Obstacle or Opportunity: Leading Change
by Professor Richard Pai
Should uncertainty be viewed as an obstacle or as an opportunity?
Entrepreneurs are born during periods of uncertainty.
Businesses don't have to be in a slump for turnaround initiatives. Uncertainty affects both weak and strong companies. Challenges may even be greater for successful companies because of their higher opportunity costs. There is no incentive to take risks during prosperous times.
Uncertainty creates a sense of vacuum and the natural reaction is to fill it with a change, any change. Wouldn't it be more appropriate to ask why change is needed?
When change is necessary, wouldn't it be more appropriate to explore what kind of change and where it is needed? Only then is a company truly ready to take action.
The Challenge
Adapting to change is not technical but psychological. It is not easy to change the attitudes of successful companies or standing business models.
Corporate executives have egos that don't allow them to admit that they have a problem. Arrogance at IBM led to their refusal to accept the PC for a full two years after it was introduced by Apple. Core competency can end up being a core rigidity.
The fear of the unknown also pushes people to cling to what is familiar. The fear is reinforced when change is introduced without an adequate explanation as to why change is needed. Selective perception is a common weakness that reinforces pre-existing beliefs.
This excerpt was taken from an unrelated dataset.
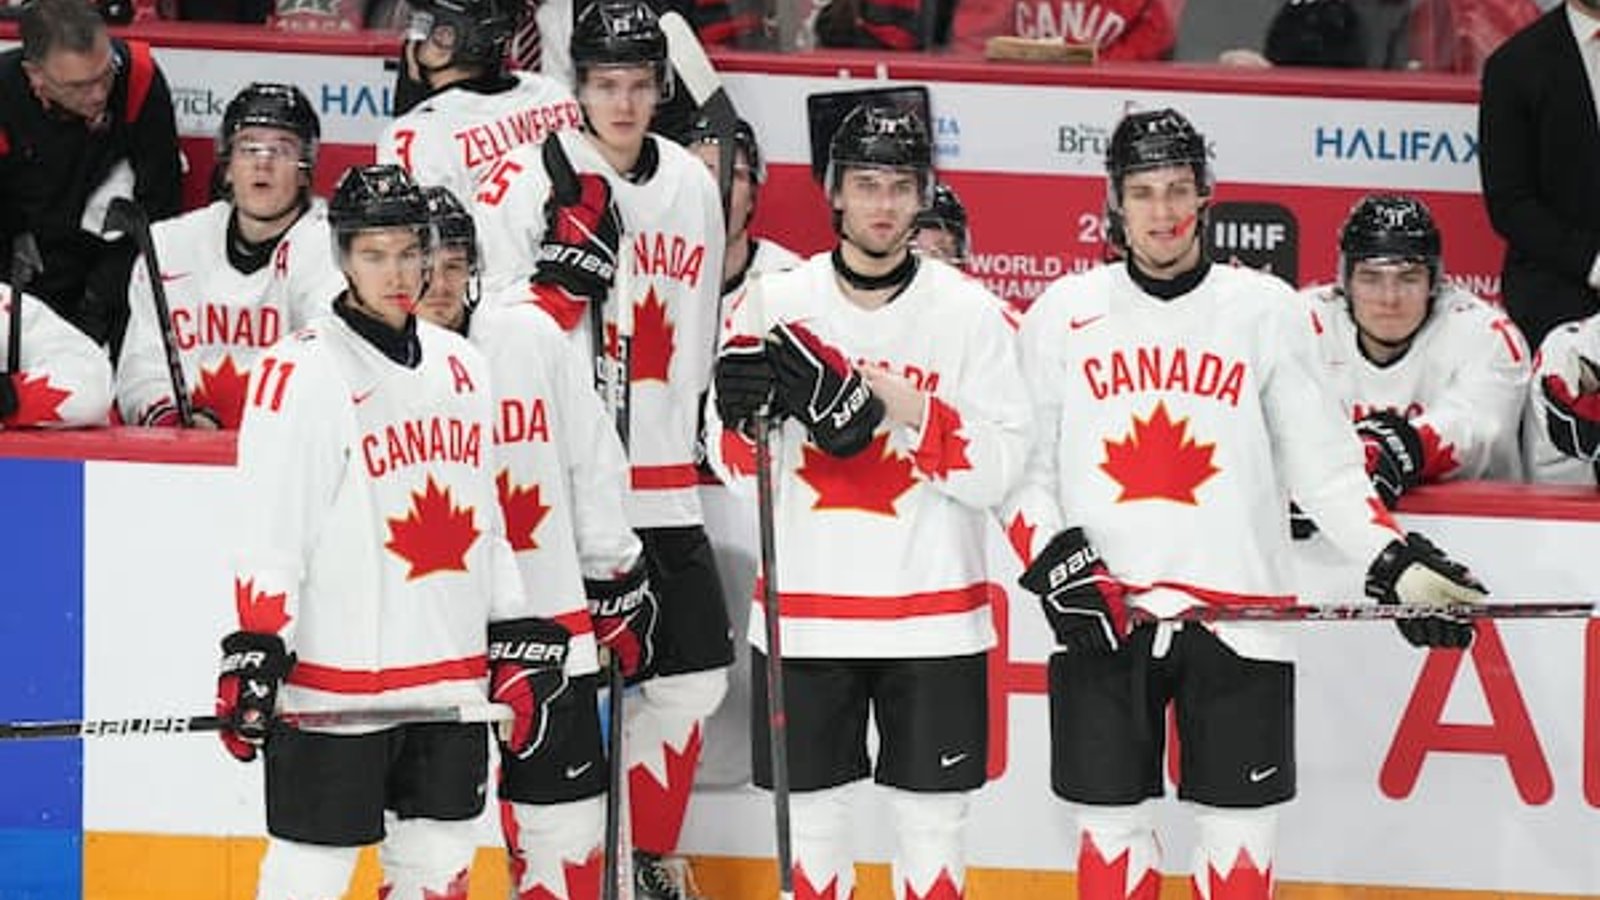 Équipe Canada junior : des statistiques encourageantes malgré un cuisant revers

The failure of many change initiatives can be attributed to three main reasons of not understanding:
Why the change is needed?
Where in the organization it is to be introduced?
How it is to be implemented?
What to Change
Uncertain times by definition do not make it easy to get a clear view of the future course. To find direction, start from an industry analysis.
The visible signs of a downturn are most often reflected in declining revenues. However, the causes could be many, and not all related to the internal functioning of the company.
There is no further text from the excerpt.